Tapi kita merasakannya saat ‘lidah hati’ kita sedang sakit. Maka rasa manis itu
terasa pahit, bahkan sangat pahit. Innaha tadzkiroh, sesungguhnya itu adalah
pembelajaran. Mengapa manusia harus diajari? Mengapa manusia harus diajari
berkali-kali, sedang yang lain enggan mengambil pelajaran (takut gagal)?
Siapakah yang beruntung, ia yang belajar berkali-kali, atau mereka yang tak
diberi kesempatan belajar berulang kali?
Aku bertanya pada
ibuku, “Ma, ini hari Rabu ‘kan? Besok masih ramadan sehari lagi ‘kan?” aku
benar-benar tak tahu ini hari apa dan tanggal berapa. Serasa seperti habis
berkunjung ke dimensi lain. (hehe)
“Rabu apaan? Ini
hari Kamis, malam Jumat. Besok lebaran,”
Ya ampun!
Ramadan kali ini
sungguh luar biasa dari tahun-tahun sebelumnya. Dan memang mungkin sudah
seharusnya seperti itu. Karena bertambahnya usia, kita memang dituntut untuk
semakin tinggi pencapaian derajat di hadapan Tuhan. Atau, tentang peningkatan
kehidupan secara duniawi, selama itu tak membuat jarak antara kita dengan-Nya.
Ramadan kali ini,
aku seperti seorang tawanan yang diburu para penangkap. Dikejar-kejar target,
tanggung jawab, permasalahan-permasalahan banyak orang, yang sebenarnya tak
yakin aku bisa menyelesaikannya – jika Tuhan tak ‘menunjukan’ diri-Nya dalam
ramadan ini. sekedar untuk refleksi sebulan ramadan ini, beberapa persoalan ini
akan menjadi rujukan utama suatu saat nanti aku dihadapkan dengan begitu banyak
persoalan lagi :
- Tertolak
cinta untuk kesekian kalinya (ini benar-benar memalukan!haha)
- Deadline
hutang sekolah, yang hanya diberikan jangka waktu tiga hari (dan gue sama
sekali tak punya fuluz!

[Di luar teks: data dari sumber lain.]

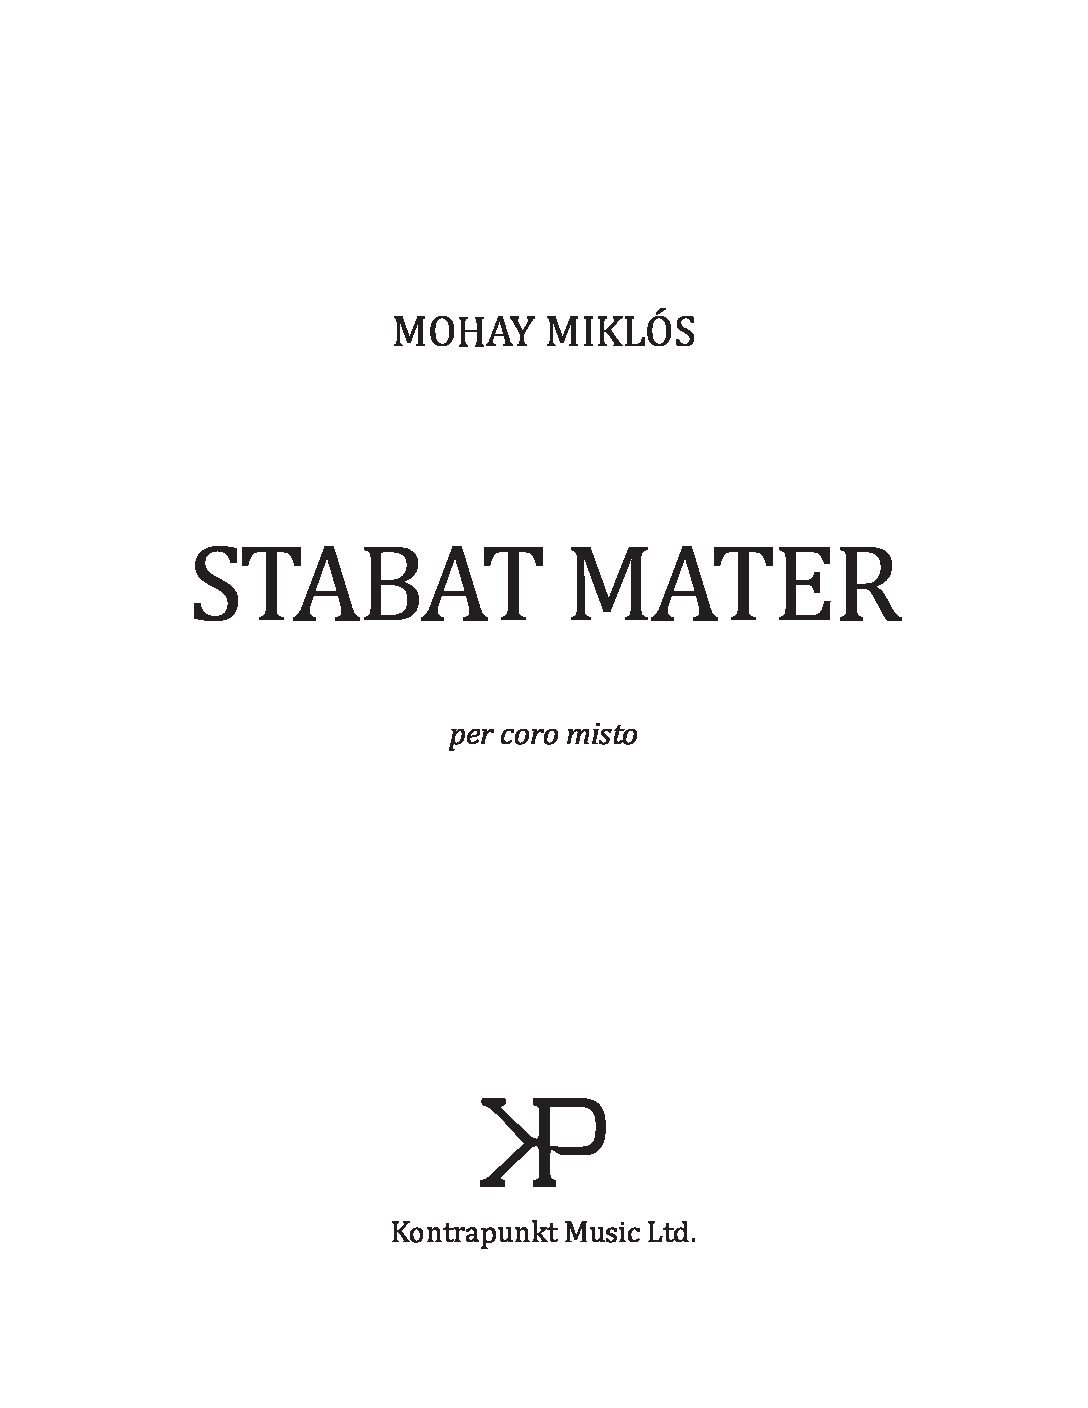 Miklós Mohay: Stabat Mater – per coro misto

Gila!haha_)
- Dua guru
mengundurkan diri, mencari guru dan membinanya lagi dari awal (ya ampun).
- Membagi
pengalaman membuat film pendek pada siswa-siswaku di SMK.
- Rencana
pengunduran diri dari SMK.
- Protes
orangtua siswa yang anaknya tinggal kelas.
- Menolong
siswa yang kena psikopath dan ibunya kena gangguan jin ( -_-‘, gue guru
atau dukun seh?hehe)
- Orangtua
siswa yang ingin meminjam uang dari sekolah (ya ampun, pa, ini sekolah,
bukan koperasi -_- )
- Membantu
orangtua siswa yang bapaknya ditahan polisi.
- Administrasi
tahun ajaran baru, honor dan THR guru (God must be crazy, i dont have
money saperak-perak acan!haha) and the last happiness is....
- Keluarga
baru, anak dari kakak terakhir gue. Lahir ba’da ashar, Kamis ini. kita,
iya, aku dan kamu, kapan mau punya bayinya??wkwk
Pertama tentang cinta. Seperti Gie* yang
berkata, “Tak ada pembicaraan yang lebih puitis dari cinta dan kebenaran,”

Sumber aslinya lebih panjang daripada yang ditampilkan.